10代は「青春」を失ったのか? ドイツ国民の3分の2に届いた広告

「Penny | The Wish」より

昨年のサッカーW杯での日本代表の活躍を見て日本に居ながら熱狂する若者たち、大晦日のカウントダウンで尋常ではなく盛り上がる渋谷の人々。

ニュース映像でそういった場面を目にすると、ここ2~3年のコロナ禍による抑圧された生活が、10代を中心とする若者たちにいかに多くの圧迫を与えていたかが、実感される。

ドイツでは、ロックダウンなど日本より強い措置も行われ、10代が受けたメンタルへのダメージも相当なものがあったと思われる。しかし、そのことが公的に指摘されたり認識されることは、ほとんどなかった。

そうした状況にディスカウント・スーパーマーケットのPENNYがチャレンジしたのが、The Wish(願い / 願望)である。

このキャンペーンは、昨年6月にフランスで開催されたカンヌライオンズ2022で、フィルムクラフト部門グランプリなどを受賞した。カンヌライオンズとは、世界の広告界やマーケティング界で飛びぬけて大きな影響力を持つアワ−ドである。

「失った青春を取り戻して欲しい」

2021年11月に公開された中心的コンテンツである4分弱の動画は、10代の息子が母親に「クリスマスプレゼントには、何が欲しい?」と尋ねるシーンから始まる。それに応える形で、母親が、息子にして欲しかったこと(コロナ禍で出来なかったこと)を、次々と語り始める。

「家にばかりいないで、夜に出かけて欲しかった」

「酔いつぶれたあなたを、父さんが迎えに行くとか」

「宿題もやらずに、パーティに出かけるとか」

映像は息子がそうしたシーンを実践している場面を映し出す。女の子と一夜をともにした後、彼女に振られて傷つき、それでも友人と旅に出かけたり……。

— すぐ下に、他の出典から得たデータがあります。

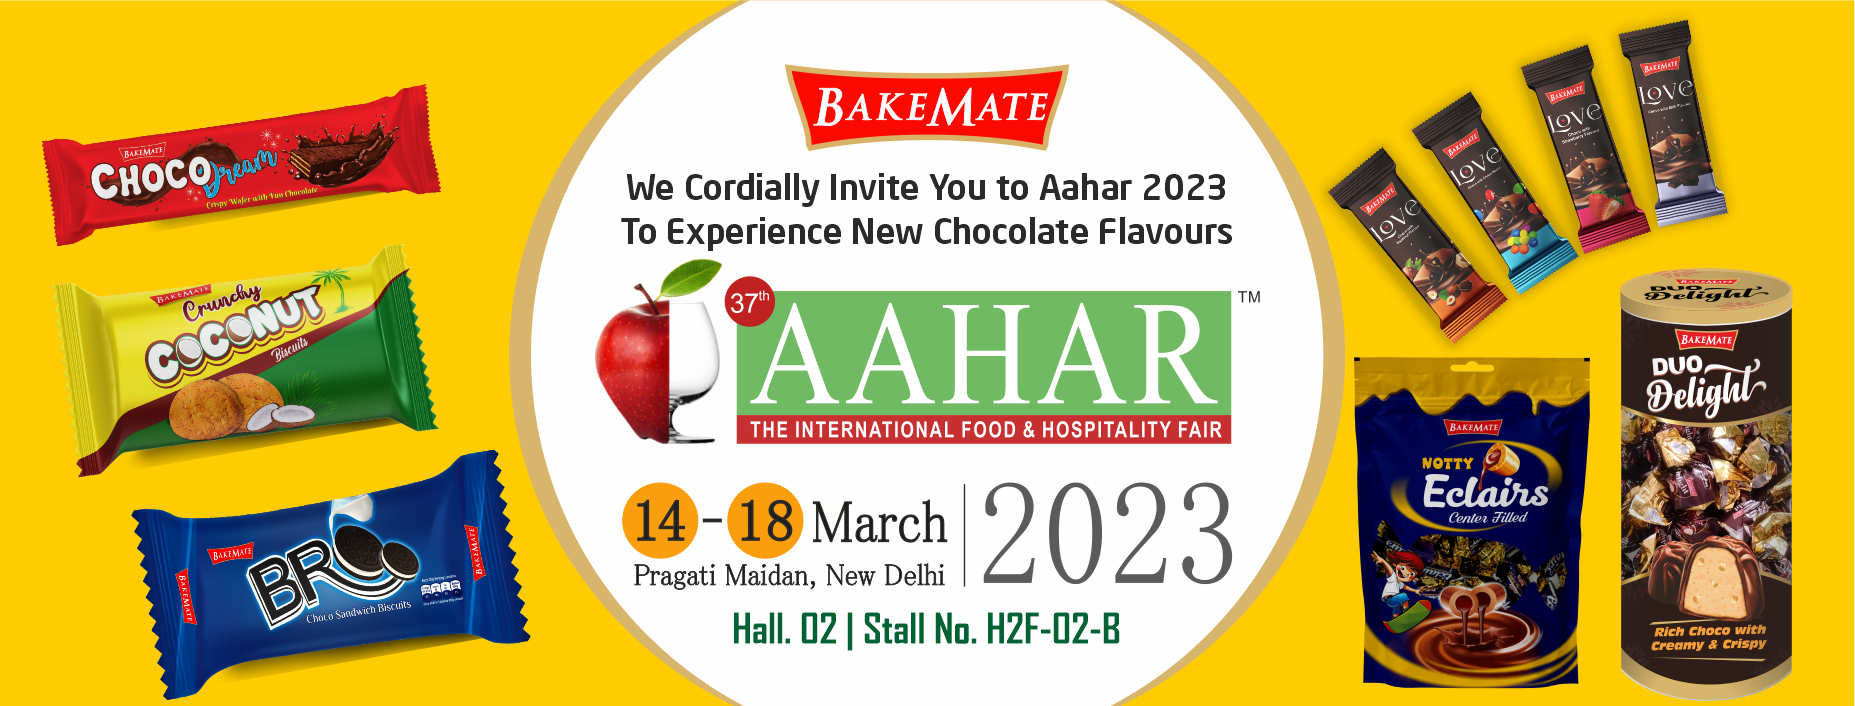 Aahar 2023 - The International Food & Hospitality Fair 14th to 18th March - Pragati Maidan, New Delhi Timings 10:00AM to 06:00PM 37th International Food and Hospitality

Penny | The Wish (english subs)

「あなたが失った青春を取り戻して欲しいの」と母親は痛切に訴える。それに対して息子は、有名ロックバンドのヒット曲の歌詞を独白し始め、やがて静かに歌い始める。「今しかないんだよ。今生きているこの瞬間を生きたいのさ。これが僕の人生だから」と。

最後には、テレビCMにおける商品紹介に当たる、プレゼント告知の紹介文が映し出される。「あなたが失った多くの体験を取り戻させてあげるために、5000の体験をプレゼントとして用意しました。我々の特設サイトを訪れてください(大意)」。この体験プレゼントには、世界旅行や卒業パーティ、そして宿泊施設付きのPENNYでのアルバイト職も含まれていたという。